Bioscience for an integrated understanding of health

Category: Standard Studentships

Designing the next generation of small molecule cell surface targeting agents

Project No. 2228

Primary Supervisor

Dr Jennifer Hiscock – University of Kent

Co-Supervisor(s)

Prof Michelle Garrett – University of Kent

Prof Jonathan Essex – University of Southampton

Dr Hamish Ryder – CRUK Therapeutic Discovery Laboratories

Summary

Supramolecular Self-associating Amphiphiles (SSAs): a novel class of cell membrane active therapeutic agents?

To date, members from a library of ≈ 100 SSAs have been developed as both ovarian/glioblastoma anticancer agents and efficacy enhancers for a range of currently used therapies to which there is known resistance, such as cisplatin.

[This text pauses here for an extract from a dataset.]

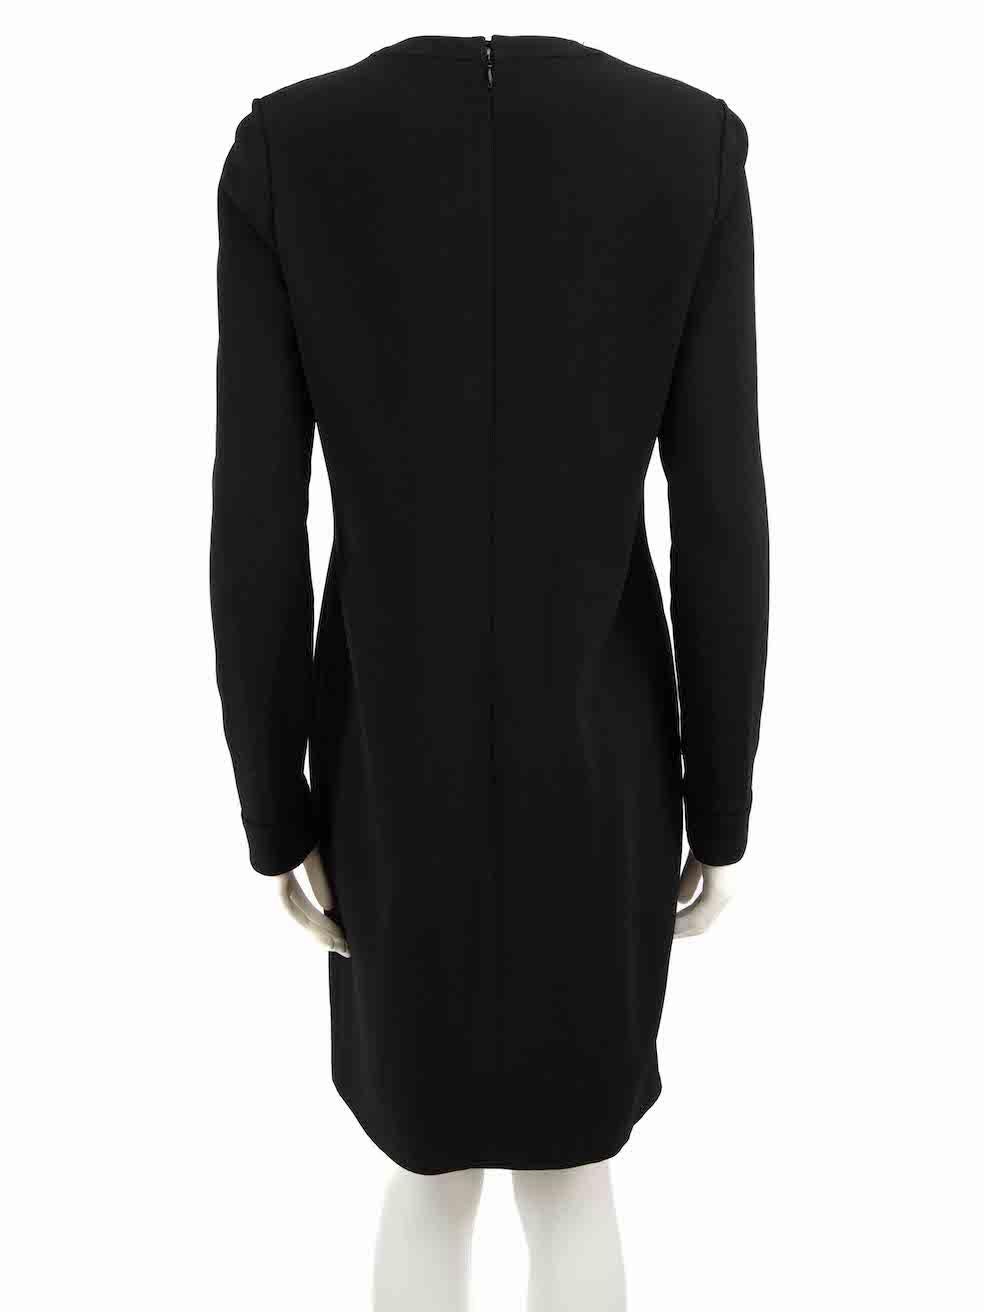 Tom Ford Black Laced Neck Long Sleeve Dress Size M In Excellent Condition For Sale In London, GB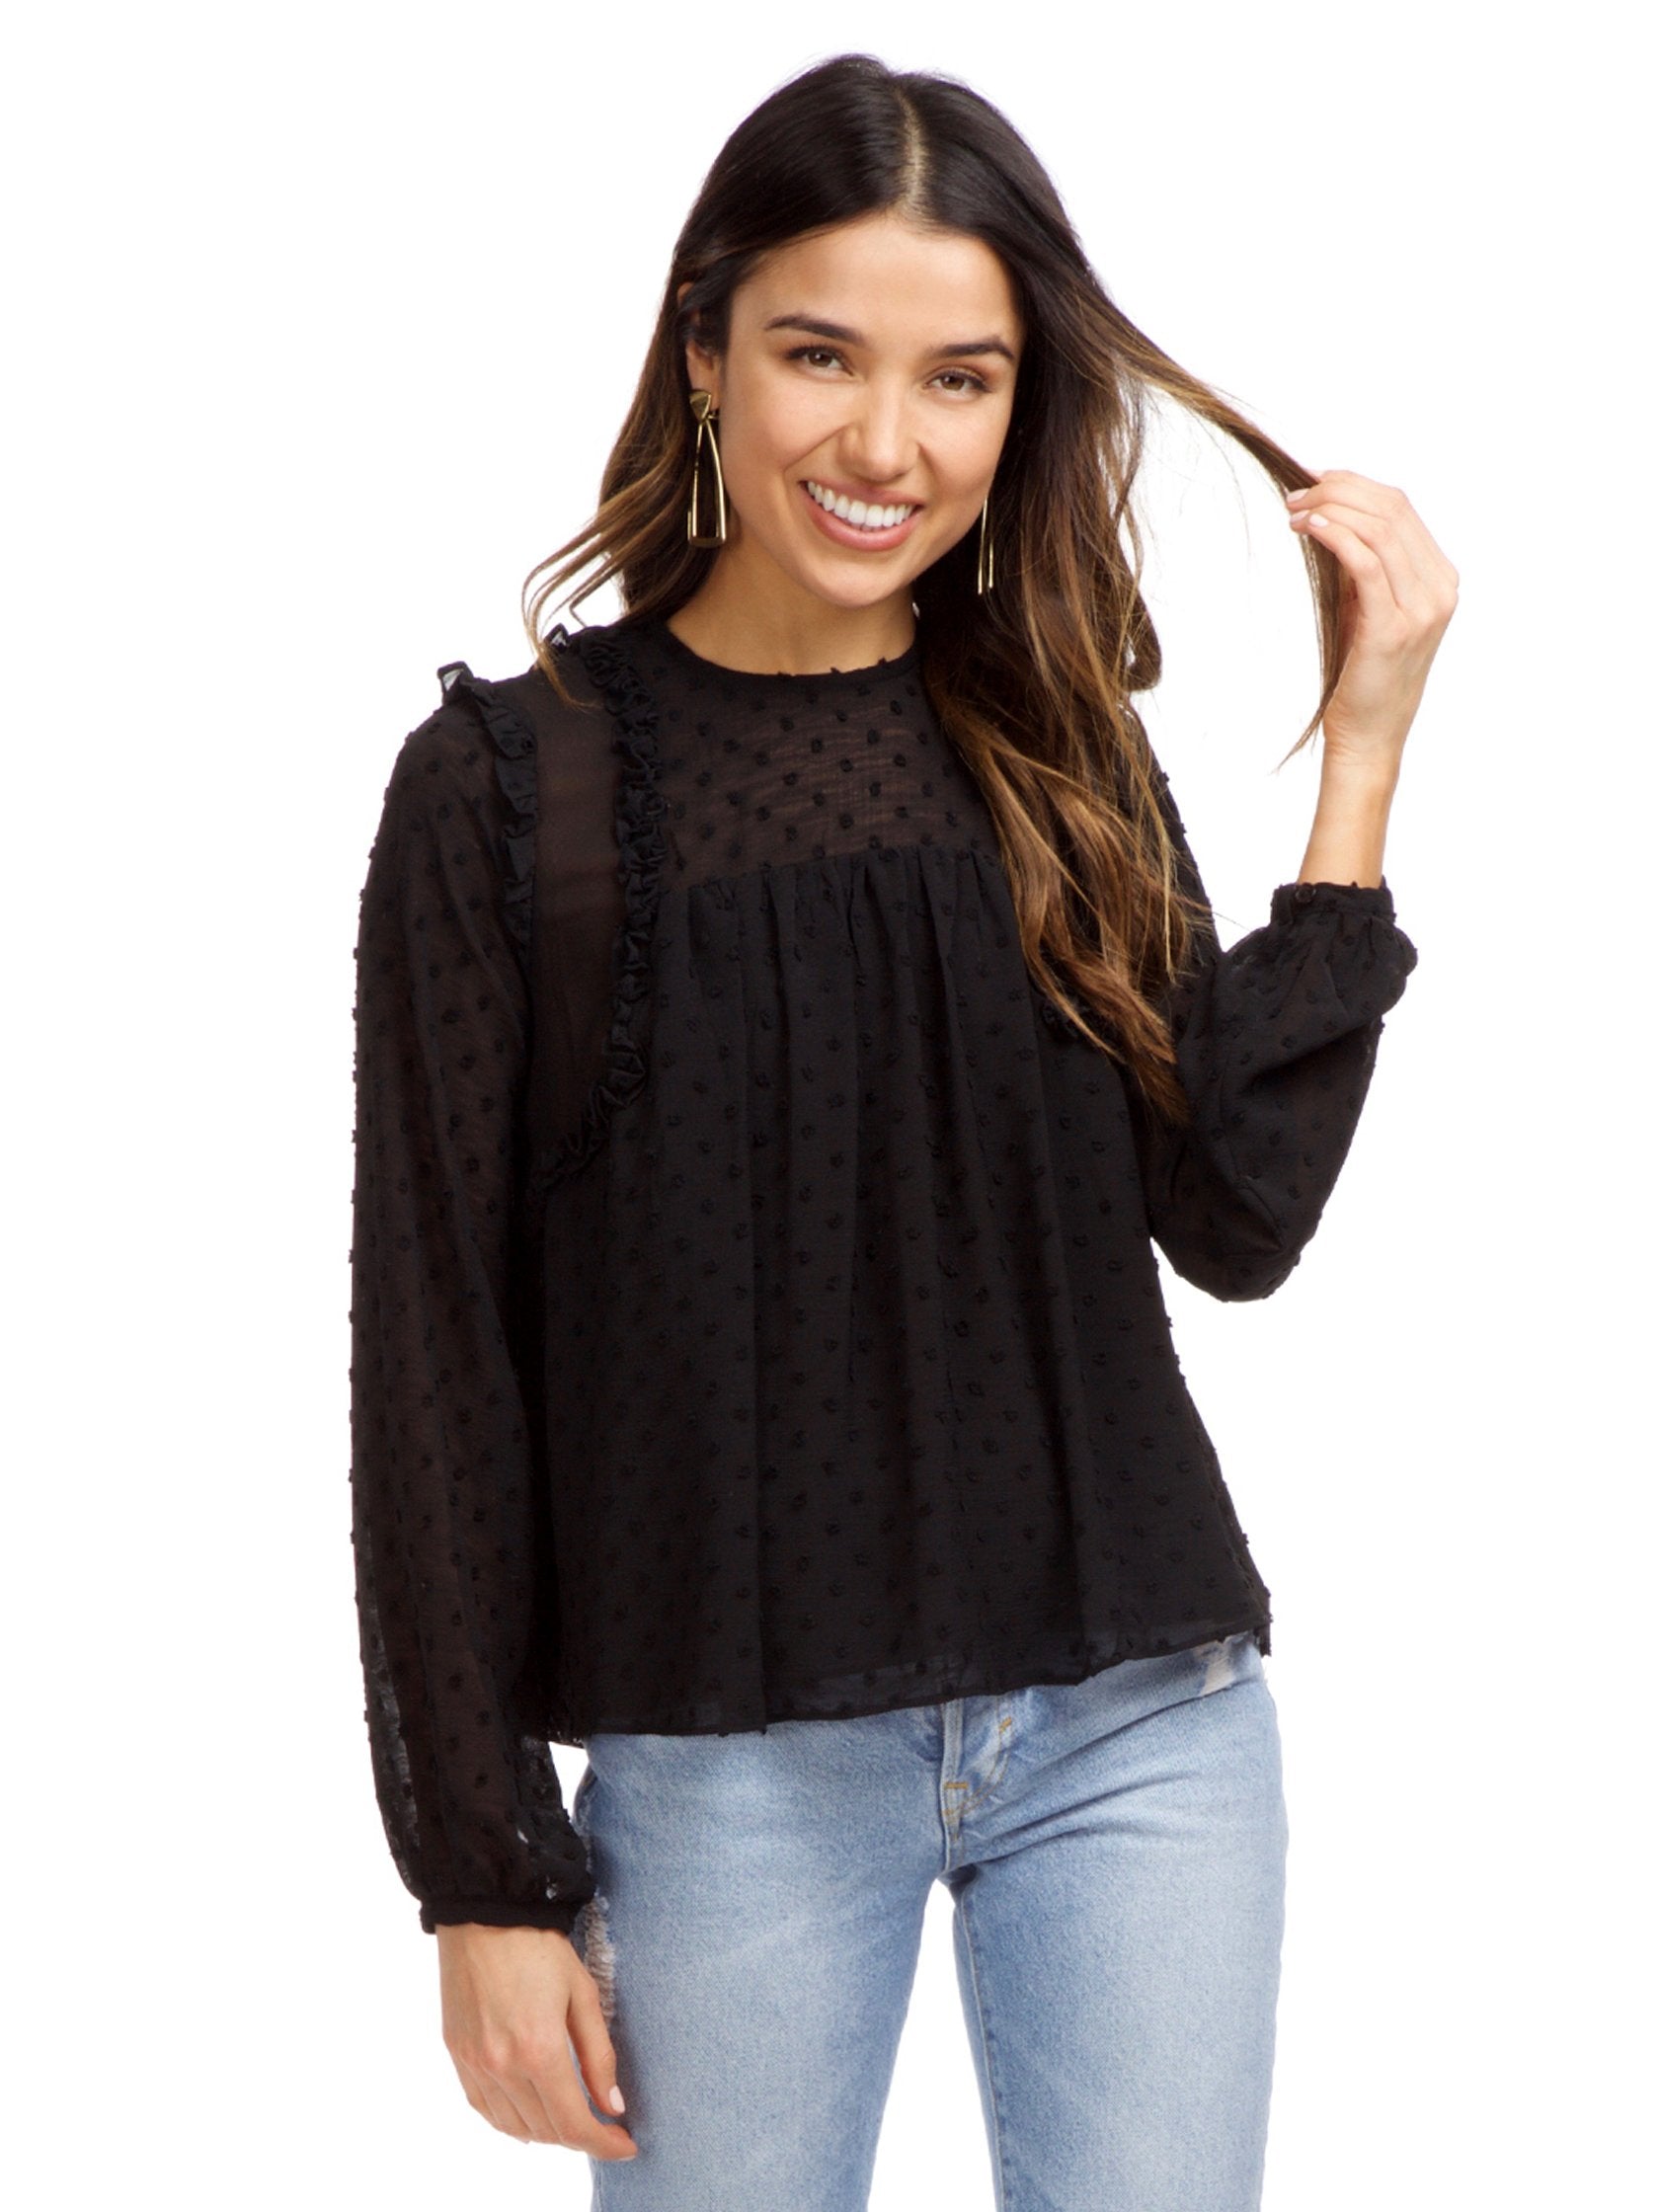 Woman wearing a top rental from Strut & Bolt called Dotted Ruffle Long Sleeve Top

SSAs are known to self-associate to from vesicle-like structures that we hypothesise to enable the effective delivery of this agent and/or a molecular cargo to the surface of the cell. These SSAs then selectively interact with and permeate a target cancer cell membrane resulting in a therapeutic effect and/or the delivery of a molecular cargo to the inside of the cell.

Aims:
1. Determine bulk membrane self-association and permeation processes for
current lead anticancer SSAs.
2. Characterise the anticancer activity of these SSAs against resistant/non-
resistant ovarian cancer cell lines and determine the suitability of these
agents for use in the clinic.
3. Use project outputs to inform design of next generation SSAs.

Scientific approach:

Jennifer Hiscock Lab:
* Synthesis and design of novel SSAs (Aims 1, 3).
* To perform patch clamp, membrane fluidity and vesicle leakage
experiments to ascertain SSA interaction with model cell membranes.
(Aims 1, 3)

Jonathan Essex Lab:
* To use molecular level simulation to understand SSA cell surface interactions and membrane permeation events (Aims 1, 2).

Michelle Garrett Lab:
* Determine cellular cytotoxicity of SSAs on ovarian cancer
cells versus normal cells (Aims 2, 3).
* Undertake microscopy studies to understand membrane permeation
processes (Aim 2).

Therapeutic Discovery Laboratories (Hamish Ryder) Lab:
* Undertake PK/PD studies within an industrial setting. (Aim 2).

Impact areas:
1. Health – better therapeutic agents for the treatment of cancer.
2. Bioeconomy – Bringing SSA technology from the lab bench into the clinic.